# How big is big enough for a hive?



## Runners (Nov 6, 2003)

I'm asking this for my bee-keepers in the family.

We have 4 hives, all four have 2 deeps and 1 super installed. One of the hives swarmed, but we got 'em back and their going great guns in a formerly queenless hive.

This is May.... The nectar is flowing, and we have 10 acres of clover - alfalfa - buckwheat just starting to sprout. When this stuff comes into bloom, I'm guessing they're gonna be filling up supers like crazy, right?

What would be a good number of extra supers per hive to have on-hand? I was thinking/planning 2 more per hive, and at least one extra hive for swarms, or as a bare minimum a nuc?


Another question...
Summer is just around the corner, and it's already kinda dry. We've noticed bees in places where water is, but it's several hundred yards from the hives - this is on hot days (+85f). Can someone recommend some kind of water fountian or watering station that's minimal maintenance for bee keeping? By coincidence, I'm running an underground water line about 100' past the hives, so I could easily tap into it for a little do-dad-watering-thing.


----------



## WayneH (Apr 29, 2005)

I'm not sure about your extra super question. You could set yourself up with two supers each and then extract honey from the full ones if you need a third.

For a watering system, you don't need anything spectacular. A lot of people like to have tubs with wood or something floating in it. I don't like that partly because you still end up drowning a few bees, but mostly because standing water around here draws mosquitoes. 

What's worked best for me is a drip system. All you need to do is place a cement block under a slowly dripping faucet.

Wayne



Runners said:


> I'm asking this for my bee-keepers in the family.
> 
> We have 4 hives, all four have 2 deeps and 1 super installed. One of the hives swarmed, but we got 'em back and their going great guns in a formerly queenless hive.
> 
> ...


----------



## Runners (Nov 6, 2003)

A cement block as in a cinder block? I suppose all those little crevices would be just about right to a bee to land, dip into a little divit, get a load and fly off?

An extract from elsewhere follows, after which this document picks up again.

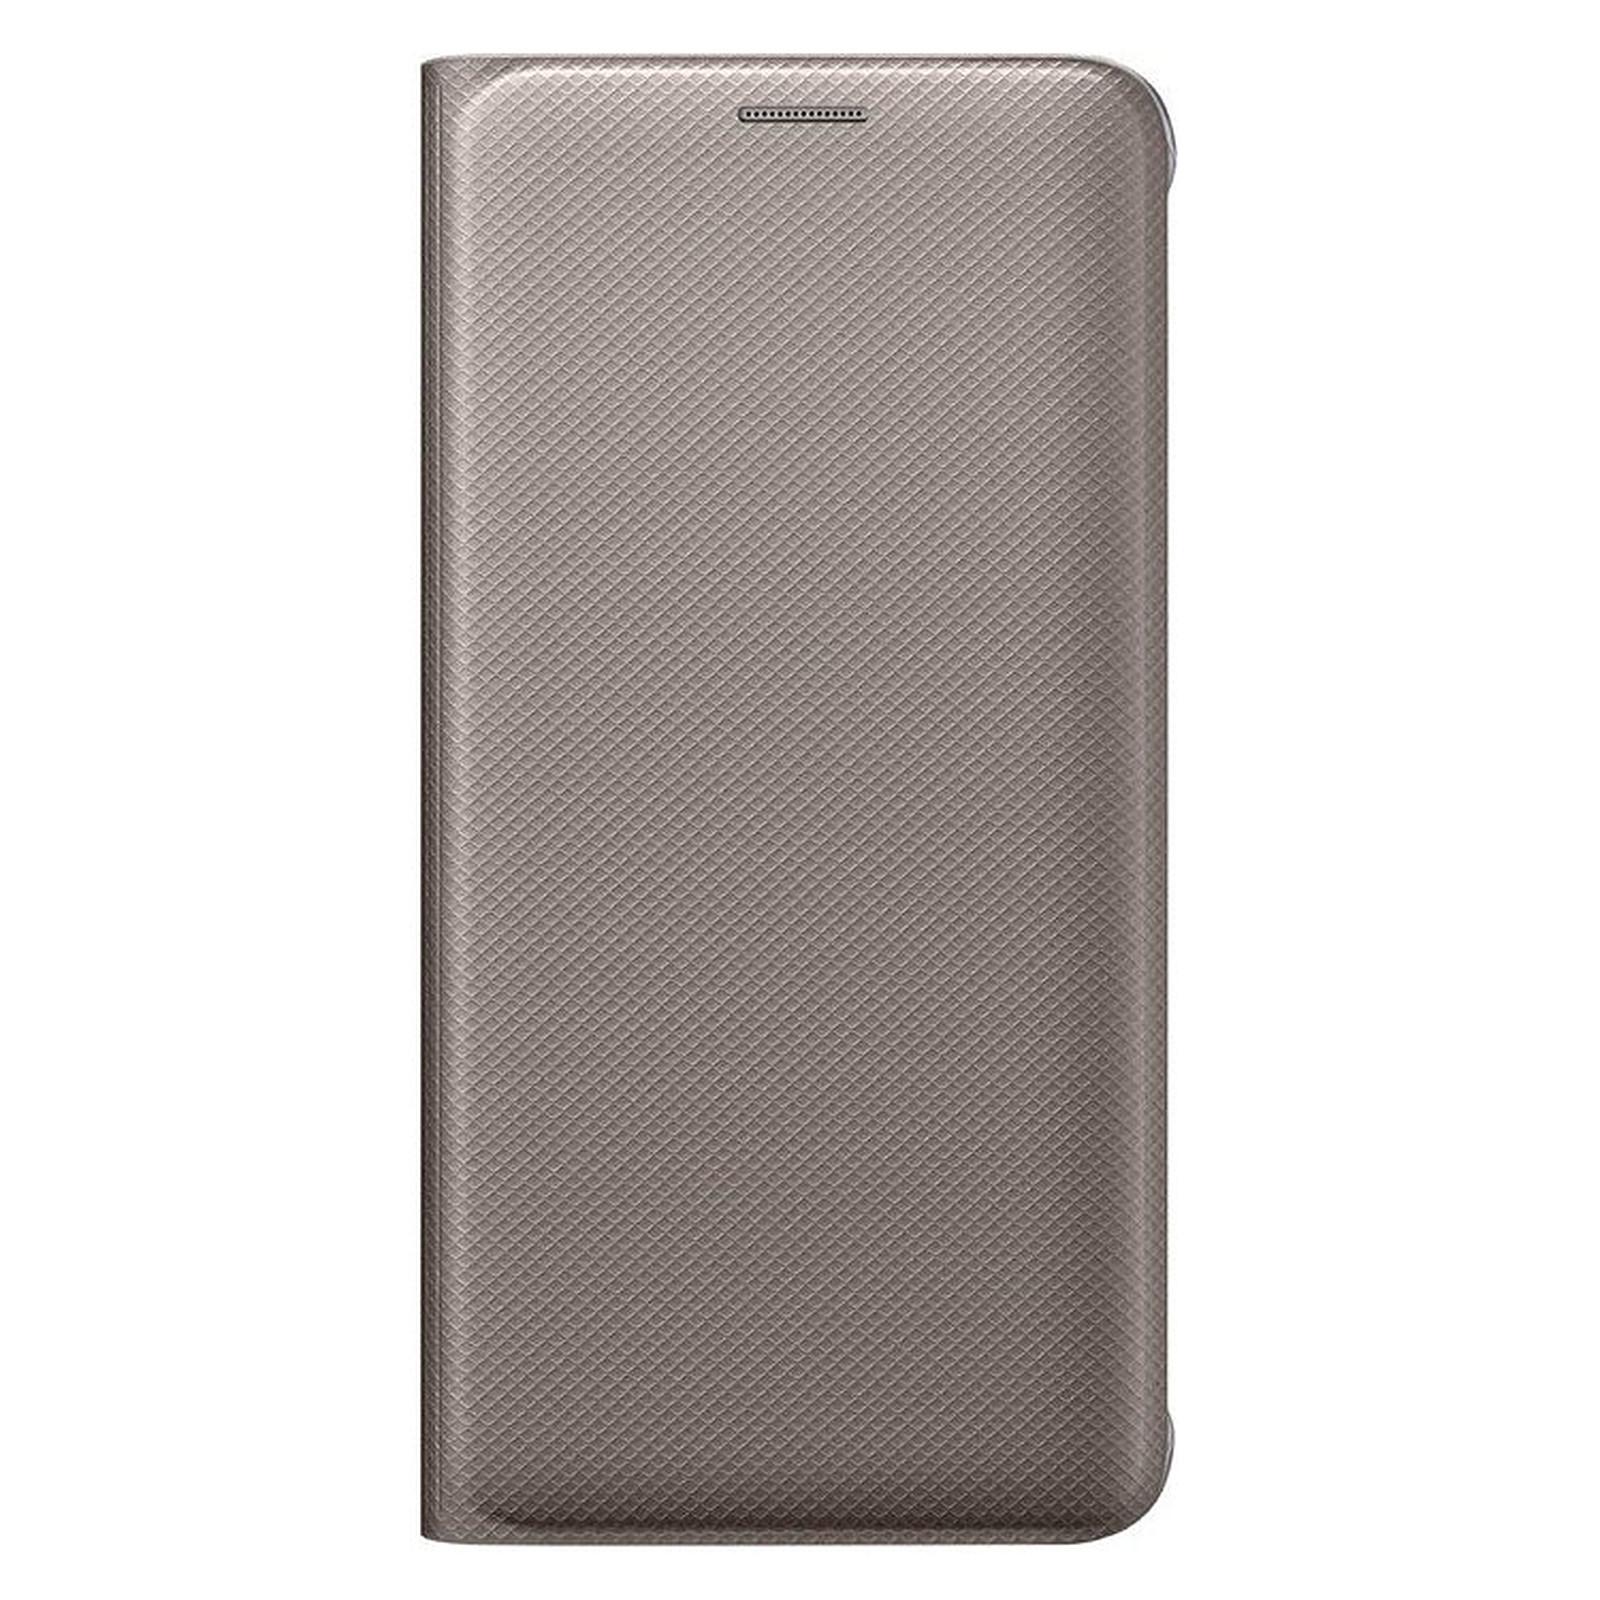 Samsung Flip Wallet Or Galaxy S6 Edge+

(yeah, I probably would have wound up engineering something spetacular that would have attracted every possum, ****, bear and butterfly - and the bees would have hated it.)

Just had a thought...
How about a little bit of that drip irrigation tube, a foot or so long, just leave it hanging on the faucet?


----------



## beeman97 (Jul 13, 2003)

If your supers are drawn & your hives are at good strength, then 3 to 4 supers is not to many to have on hand for filling, if the supers have to be drawn 1st, then 2 to 3 is more in hand for the task. it all depends on each hives strength of course. as far as a water source i have never watered my bee's in the 15 yrs ive kept them & never even thought about it. bee's will travel up to 3 miles for what they need & there is usually no problem with them finding water with in that distance.
Here in n.c. there is always a good dew on the ground in the morning during the summer even in the dryer times of the summer. Personally i wouldnt worry about the water thing.
Good Luck
Rick






Runners said:


> I'm asking this for my bee-keepers in the family.
> 
> We have 4 hives, all four have 2 deeps and 1 super installed. One of the hives swarmed, but we got 'em back and their going great guns in a formerly queenless hive.
> 
> ...


----------